Любовь питают музыкой; играйте Щедрей, сверх меры, чтоб в пресыщенье Желание, устав, изнемогло. Еще раз тот напев! Тот, замирающий... Ах, он ласкал мне слух, как сладкий звук, Который, вея над грядой фиалок, Крадет и дарит волны аромата. Довольно. Нет, он был неясней когда-то. О дух любви, как свеж и легок ты! Хоть ты вмещаешь все, подобно морю, Ничто в твою не сходит глубину, Как ни было б оно высокоценно, Не обесценясь в тот же самый миг! Мечтанье так. богато волшебством, Что подлинно волшебно лишь оно.

                                                                      Шекспир, Двенадцатая ночь.

13

Я словно слышал крик: «Не спите больше!

Макбет зарезал сон» — невинный сон,

Сон, распускающий клубок заботы,

Купель трудов, смерть каждодневной жизни,

Бальзам увечных душ, на пире жизни

Сытейшее из блюд...

Крик оглашал весь дом: «Не спите! Гламис

Зарезал сон, и впредь отныне Кавдор

Не будет спать, Макбет не будет спать!»

                                                            Шекспир, Макбет.

14

Я его увидел. Он

Тихо брел мимо окон,

И опять

Стали камни мерный звук —

Тонкой палки легкий стук —

Повторять.

Говорят, когда он был

Молод, а не стар и хил,

В те года —

Целый город обойдешь,

Краше парня не найдешь

Никогда.

А теперь в толпе людской

Он бредет, вперив с тоской

Глаз стекло,

И трясется голова,

И дрожат в устах слова:

«Все прошло!»

Белый склеп навеки скрыл

Ту, в ком юным он любил

Нежный взгляд,

Не слыхать имен родных,

Лишь надгробия о них

Говорят.

                                 Оливер Уэнделл Холмс,  Последний лист.

15

Несомненно, я очень побледнел, но говорил я, все бо­лее оживляясь и повышая голос. И все же звук стано­вился более явственным. Что было мне делать? Звук был тихий, глухой, быстрый, похожий на тиканье кар­манных часов, завернутых в вату. Я переводил дыхание, и все-таки полицейские чиновники не могли уловить этот звук. Я начинал говорить быстрей и с большей стра­стью, но звук неотступно нарастал. Почему—почему они никак не хотят уйти? Я стал расхаживать взад    и вперед тяжелыми большими шагами, будто замечания этих людей доводили меня до бешенства, — постукива­ние непрерывно усиливалось. О боже, что же мне бы­ло делать? Я исходил яростью, я бесновался, я прокли­нал все на свете! Я ерзал на стуле и, двигая им, цара­пал пол — стук заглушал все и неумолимо нарастал. Он становился громче, все громче! А они беспечно бол­тали и улыбались. Неужели они ничего не слышали? О всемогущий! Нет, нет — они все слышали! У них воз­никло подозрение! Они уже знали!.. Они только издева­лись над моим страхом! Так думал я тогда, так думаю и сейчас. Но что бы ни случилось, все лучше, чем эта пытка! Все можно было вынести, только не это глумле­ние! Мне стало дальше не под силу видеть эти лицемер­ные улыбки. Я должен был завопить или умереть! И — слушайте — опять громче, громче, все громче!..

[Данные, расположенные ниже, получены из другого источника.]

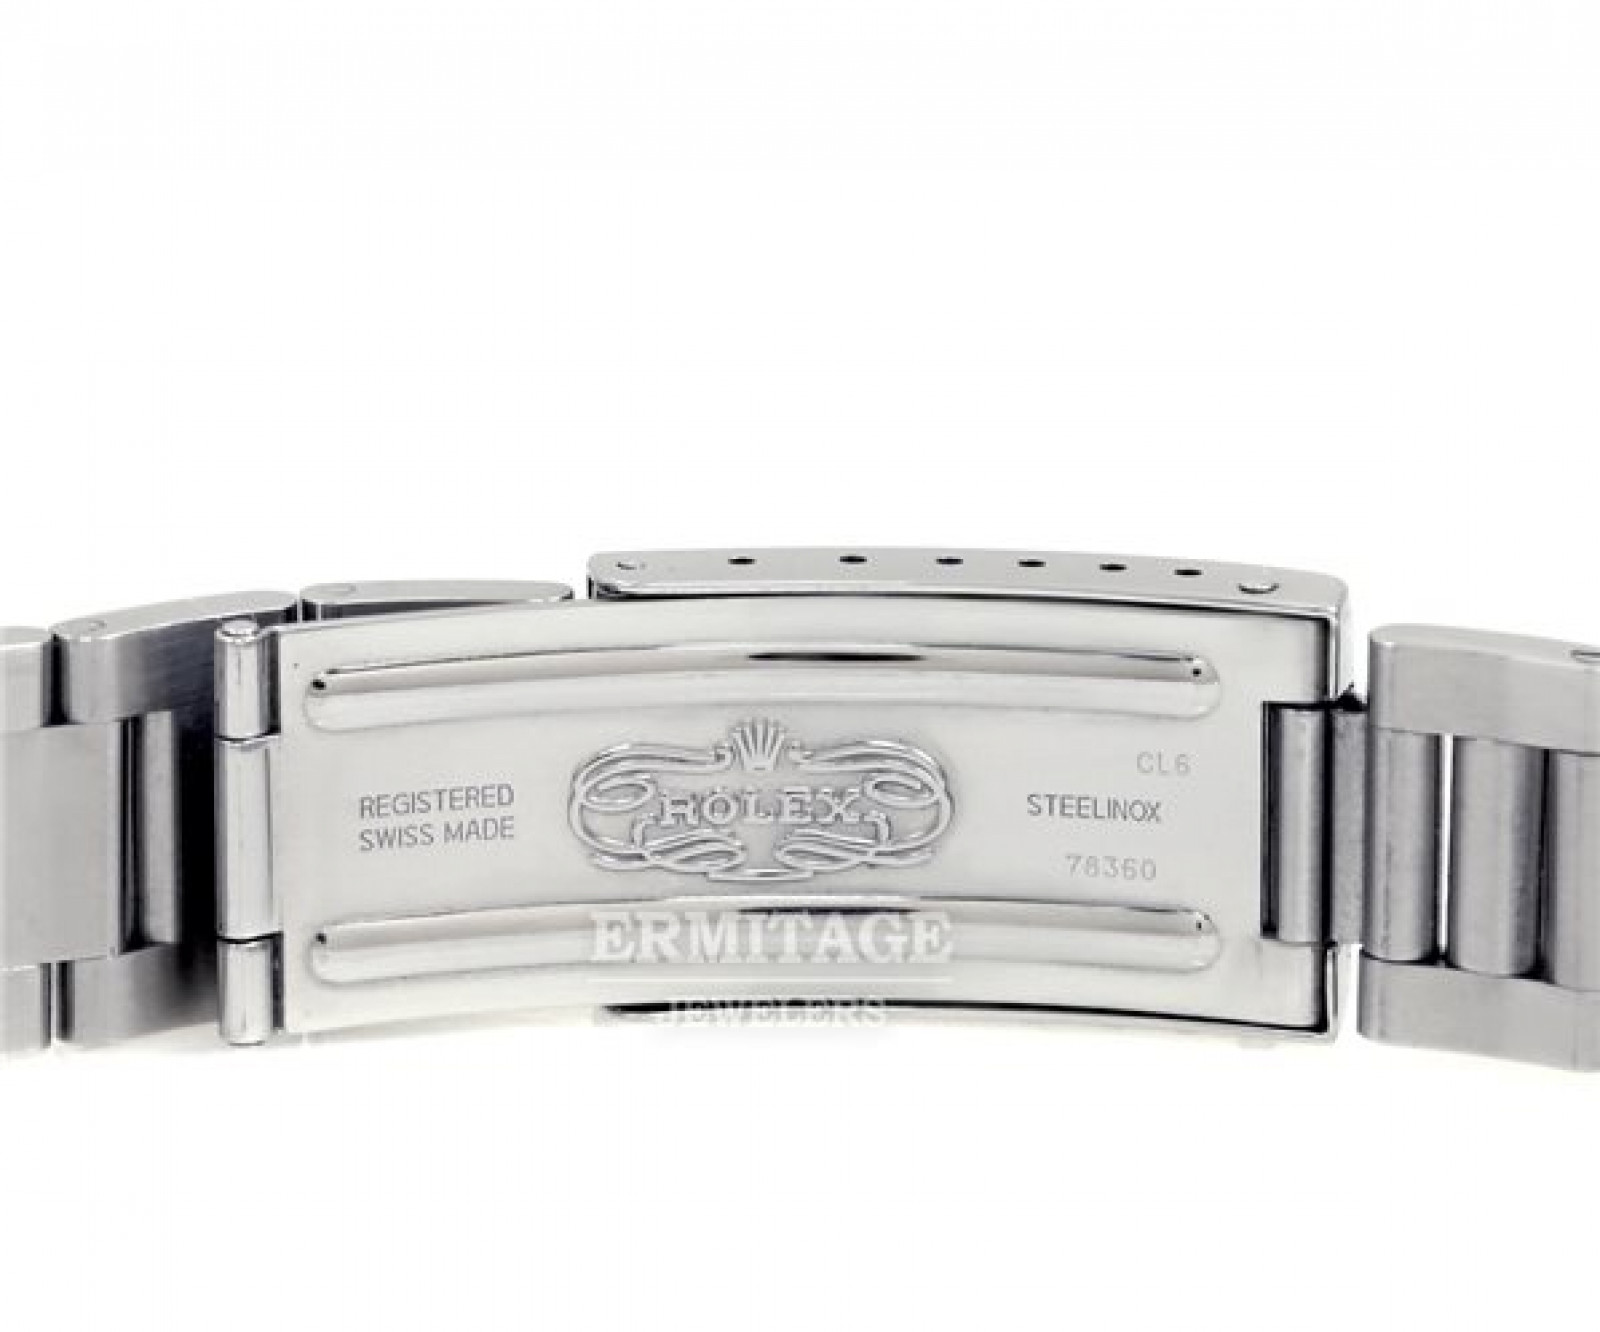 Men's Rolex Datejust 16234 with Oyster Bracelet

— Негодяи! — закричал я. — Перестаньте притво­ряться! Сознаюсь — моих рук дело! Вскрывайте пол! Вот здесь— в этом месте... Слышите, как бьется его страшное сердце?

                                                                       Эдгар Аллен По,  Сердце обличитель.

16

Господь — мой пастырь, и я не буду в нужде.

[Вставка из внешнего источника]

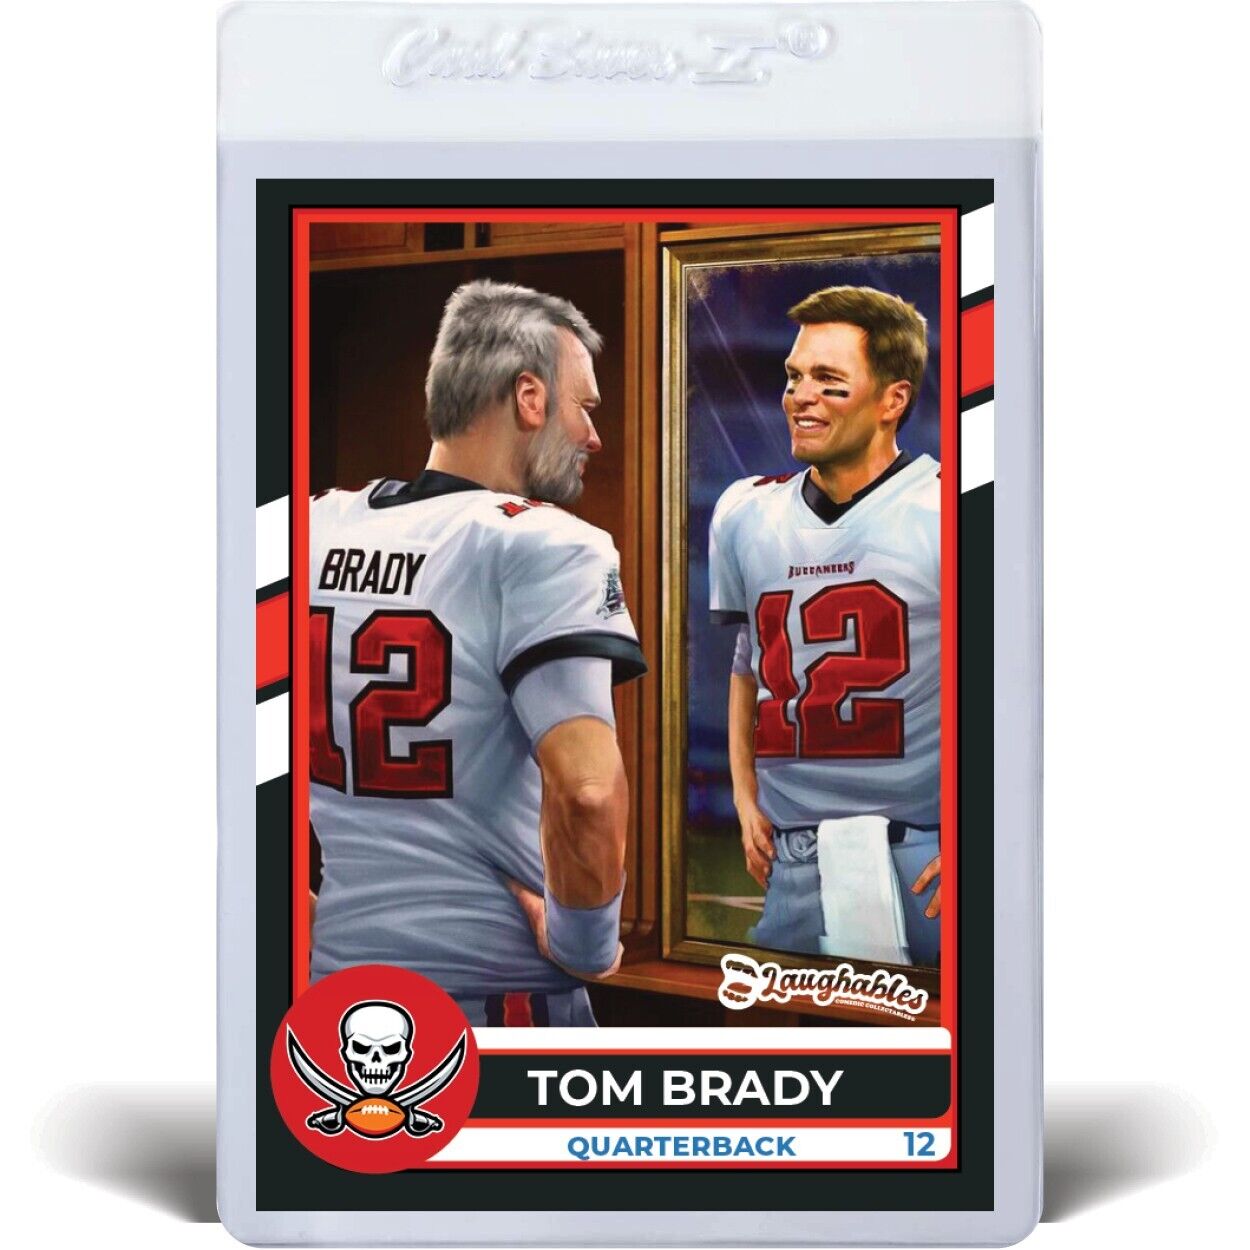 Tom Brady, Man in the Mirror, Limited

Он даст мне возлежать на зеленых пастбищах;

Он приведет меня к тихим водам;

Он укрепит мой дух.

Он поведет меня путями правды во имя его;

И, хотя иду я долиной, на которую смерть отбросила

тень,

Я не буду страшиться зла, ибо ты со мною. Жезл твой и посох укрепят мои силы. Ты уготовал мне трапезу на глазах врагов. Ты умастил мне голову елеем, и чаша моя полна до

краев. Доброта и прощение пойдут по следам моим всю мою

жизнь, И я вечно буду обитать в доме господа моего.

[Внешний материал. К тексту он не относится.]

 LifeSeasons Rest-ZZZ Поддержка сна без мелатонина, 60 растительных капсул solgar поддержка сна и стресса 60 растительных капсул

Двадцать  третий   псалом,

17

Когда брожу в толпе безмолвной

Курящих нехотя людей,

Надломленных бездельем полным,—

Свет меркнет вдруг в душе моей.

Они стоят на перекрестках

Пожмут плечами  на  привет,

Пустой карман покажут просто:

Циничный знак житейских бед.

Работы нет! Бесцельно, праздно,

Как те, кто служит и богат,

Они живут однообразно,

Душой томятся, долго спят...

Они живут, глаза уставив

С тоской в безрадостную даль.

Их пустота мне сердце давит,

Их дней оплаканных мне жаль!

                            Стефен Спендер, Когда брожу в толпе безмолвной.

18

Скоту подобно, смерть почуявшему, мечутся они.

На площади водоворот людской и крик истошный.

Правитель на подмостках тщетно воздевает руки к

                                                                                     небу —

Никто его не слушает, гремят лишь барабаны,

Стараясь  мир внести коротким: Нет и нет!

Случилось что-то... Там на углу гонец,

Посланник с вестью. Он изнемог. Его приподнимают...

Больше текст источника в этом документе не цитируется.